▸ GIVEN MATERIAL
···

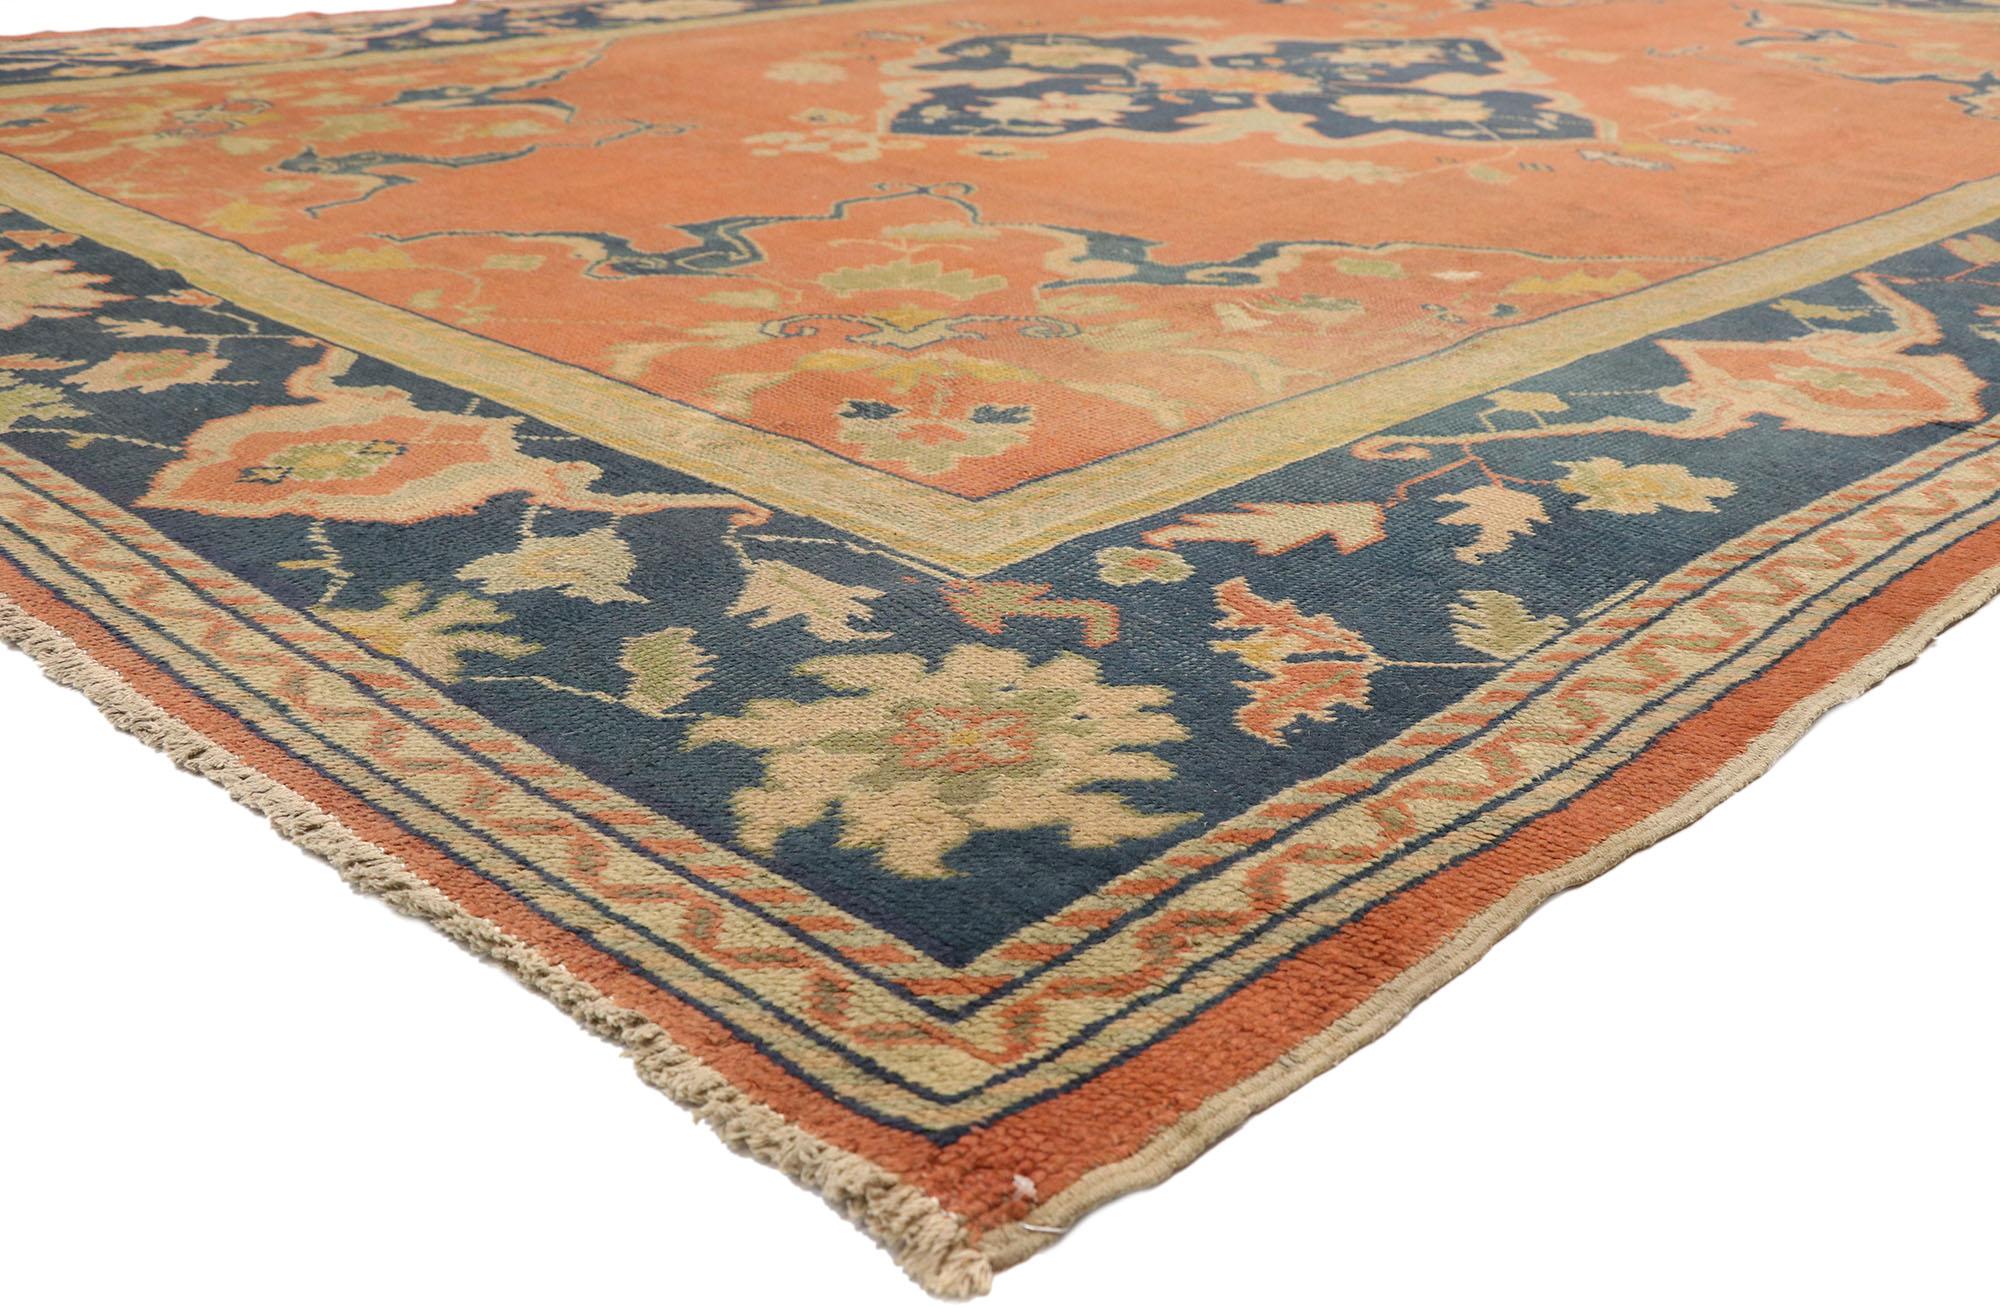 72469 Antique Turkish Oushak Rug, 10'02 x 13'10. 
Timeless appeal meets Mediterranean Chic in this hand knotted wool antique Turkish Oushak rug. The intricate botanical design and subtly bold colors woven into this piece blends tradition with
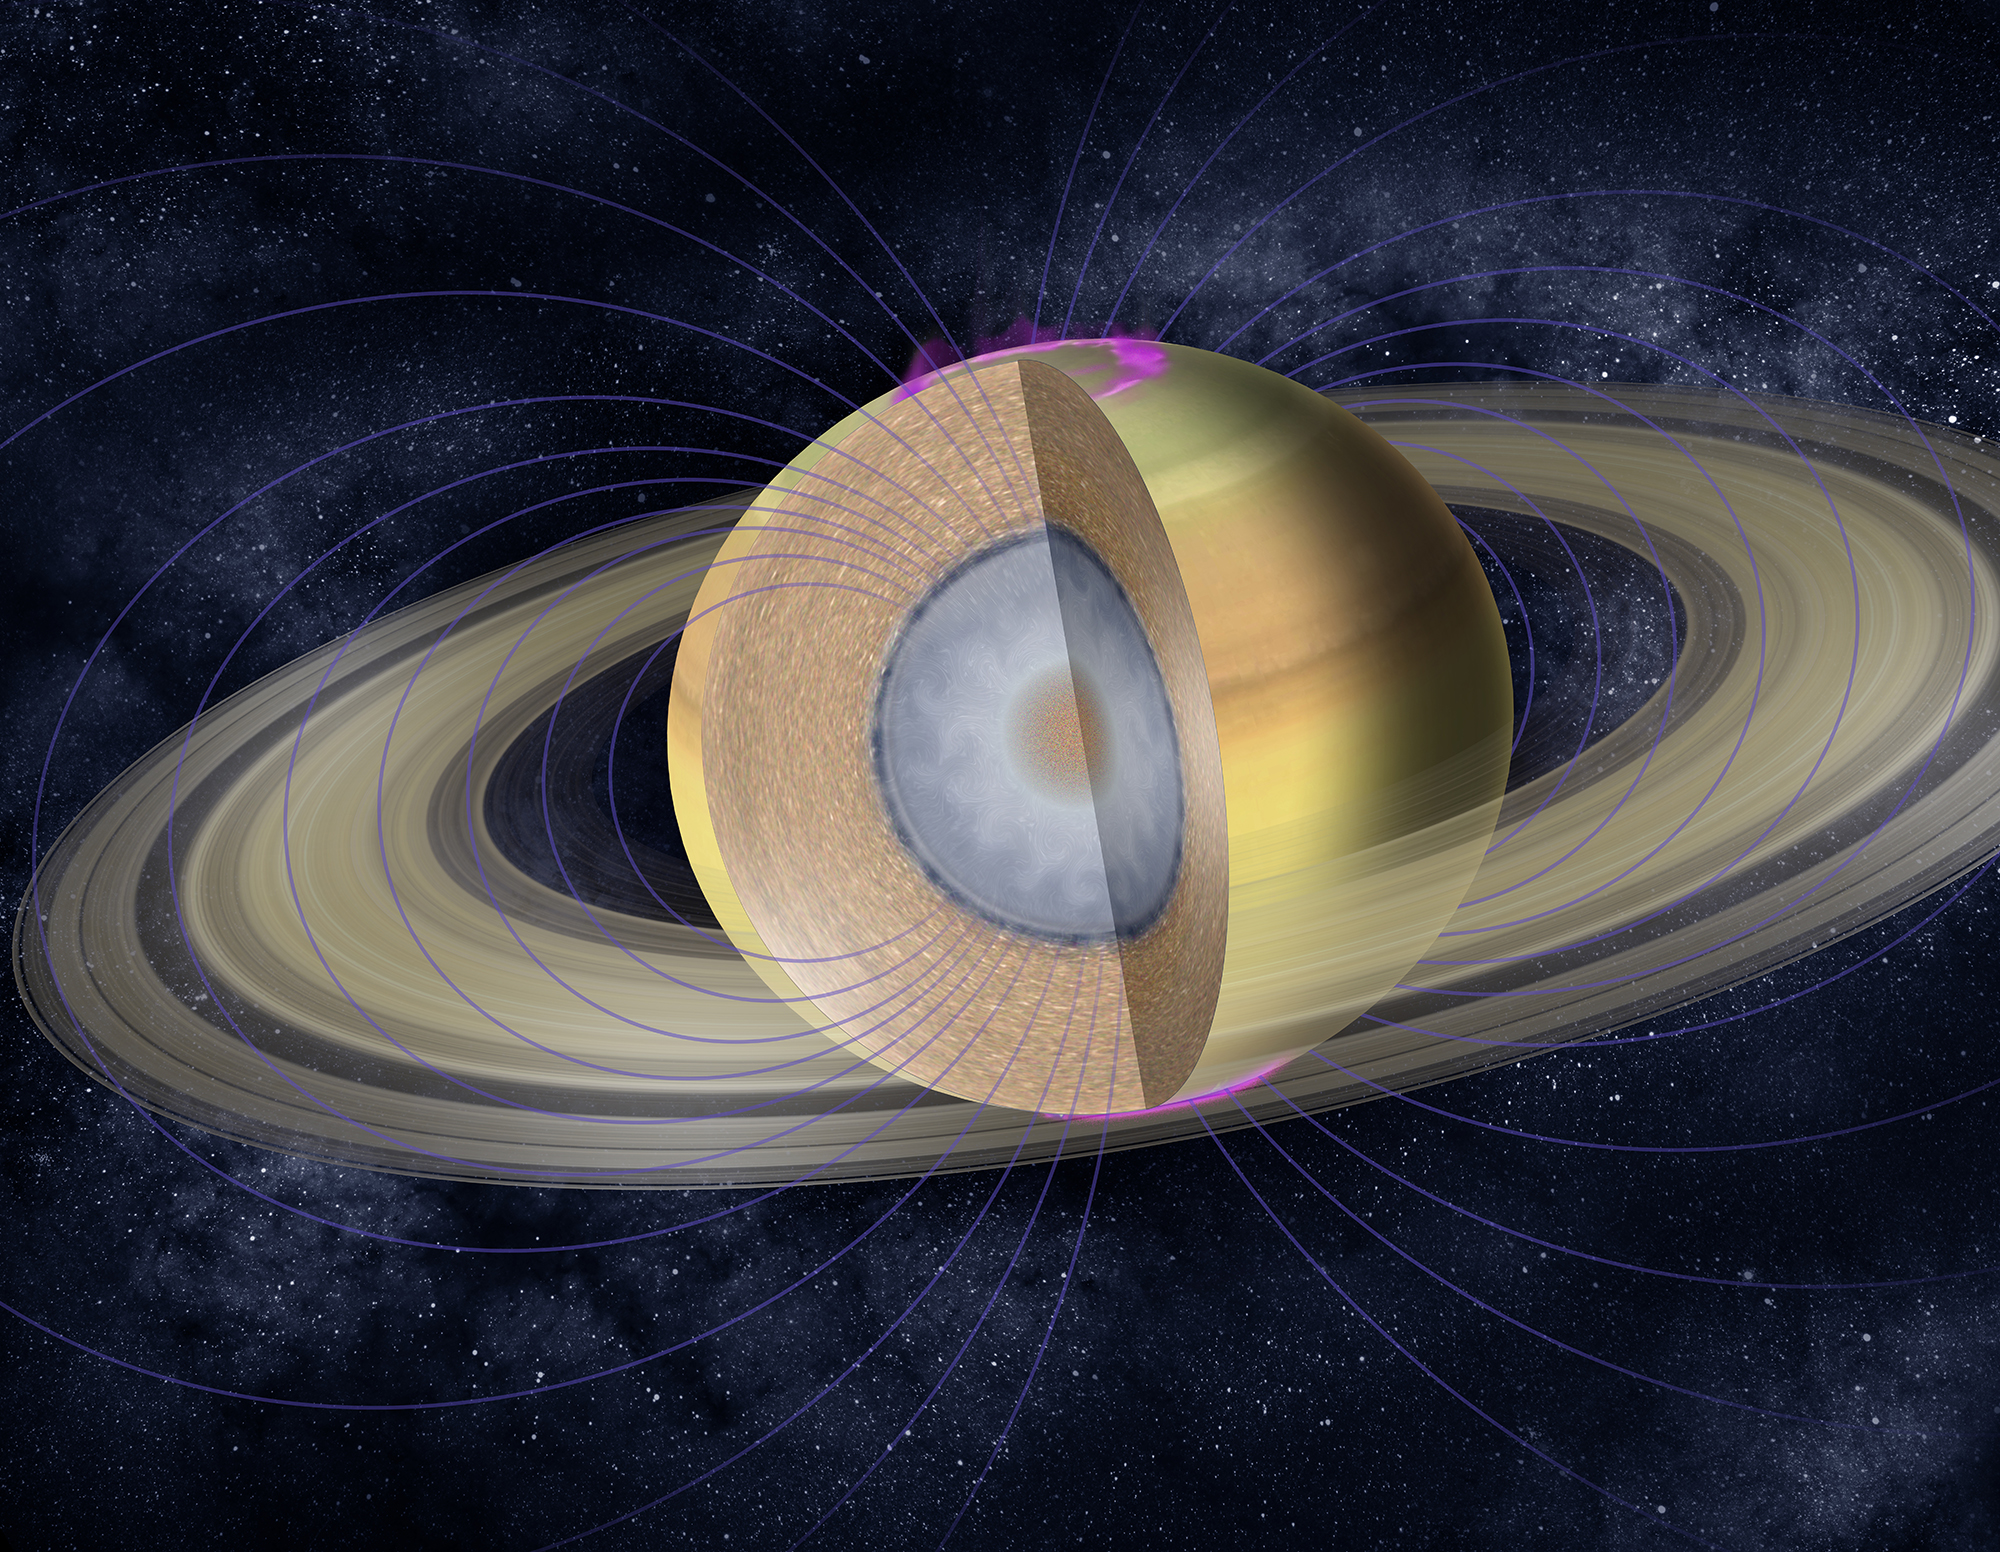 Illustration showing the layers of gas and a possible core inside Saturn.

···

▸ TRY IT
Except for the pictures, please retype the listing above exactly.

▸ EXERCISE ANSWER
 72469 Antique Turkish Oushak Rug, 10'02 x 13'10. 
Timeless appeal meets Mediterranean Chic in this hand knotted wool antique Turkish Oushak rug. The intricate botanical design and subtly bold colors woven into this piece blends tradition with
 Illustration showing the layers of gas and a possible core inside Saturn.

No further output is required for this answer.